Jesús Serrano Aldape
¿Qué me hizo alejarte? Quizás tedio, después de todo. La constante negativa a un
respecto, tu diente reluciente; los ojos prodigándome extrañeza y después sólo un golpe
seco de la puerta enfrente de mis narices. Bien, ahora rodearé el porche naranja, desde
aquí levantaré las puertas del sótano y entraré a hurtadillas, no me dejas otra opción. Está
tan oscuro. Ni tu padre ni tu madre bajan muy seguido a este húmedo sitio que les sirve
para arrumbar el viejo televisor o las lámparas que ya no sirven.
Me aventuré subiendo la pequeña escalera, daba cada paso con cuidadoso sigilo
sobre la madera apolillada y rechinante. Pude escuchar tu voz detrás de la puerta.
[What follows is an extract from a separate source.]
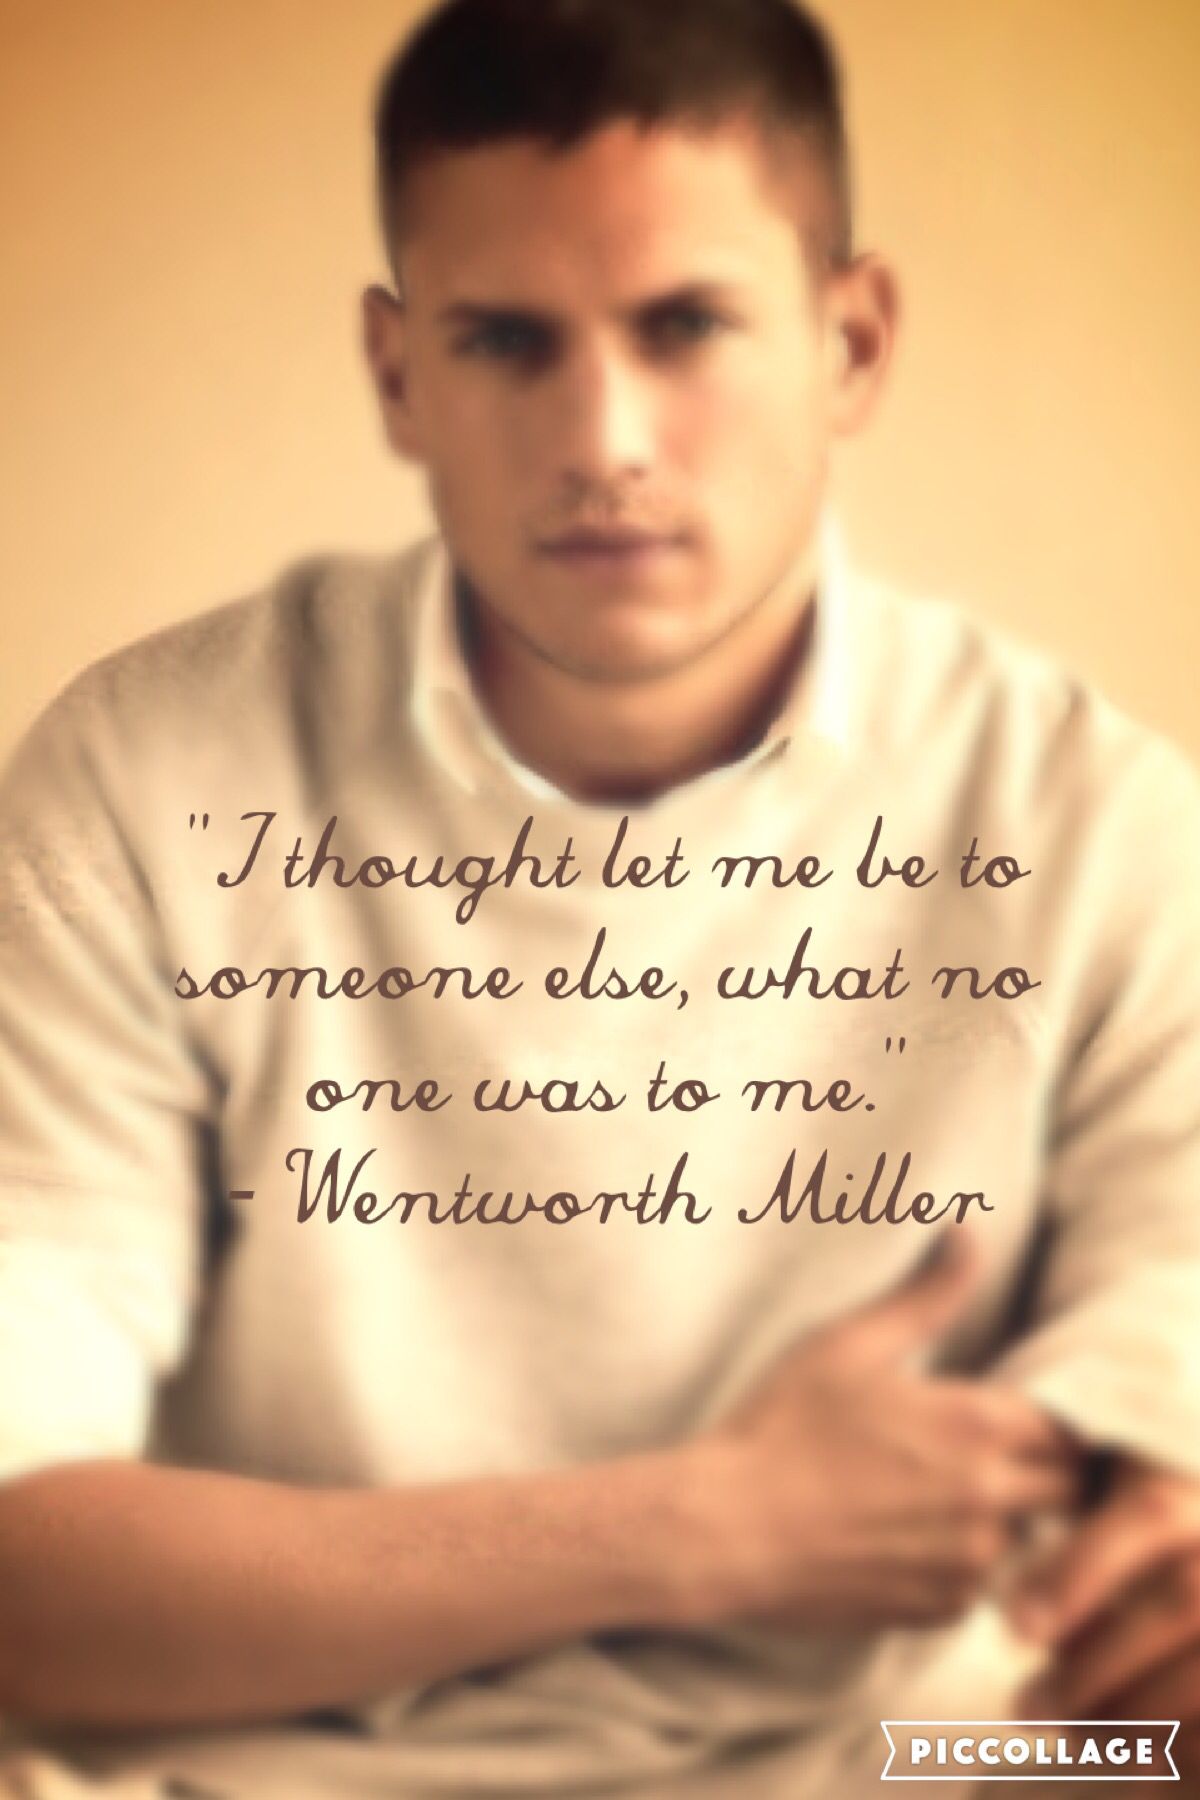 Wentworth Miller Quote Wallpaper - Wentworth Miller , HD Wallpaper & Backgrounds

— ¡Es un imbécil mamá!, primero viene oliendo al perfume de alguna barata, y luego
me pide que sea su esposa.
Tuve tiempo en pensar aquello del olor. Irremediablemente mi nariz olisqueó el
gabán que traía puesto y detecté la fragancia que aquella dependienta me fue a insertar
en la ropa ante mi incapacidad de rechazarle.
Estuve a punto de salir a aclararle. Mas cuando mi mano giraba el picaporte me
detuve, ella seguía hablando:
— Cree que no me doy cuenta mamá. Revisé su correo electrónico el otro día y
había muchos mensajes de una tal Greta Grey.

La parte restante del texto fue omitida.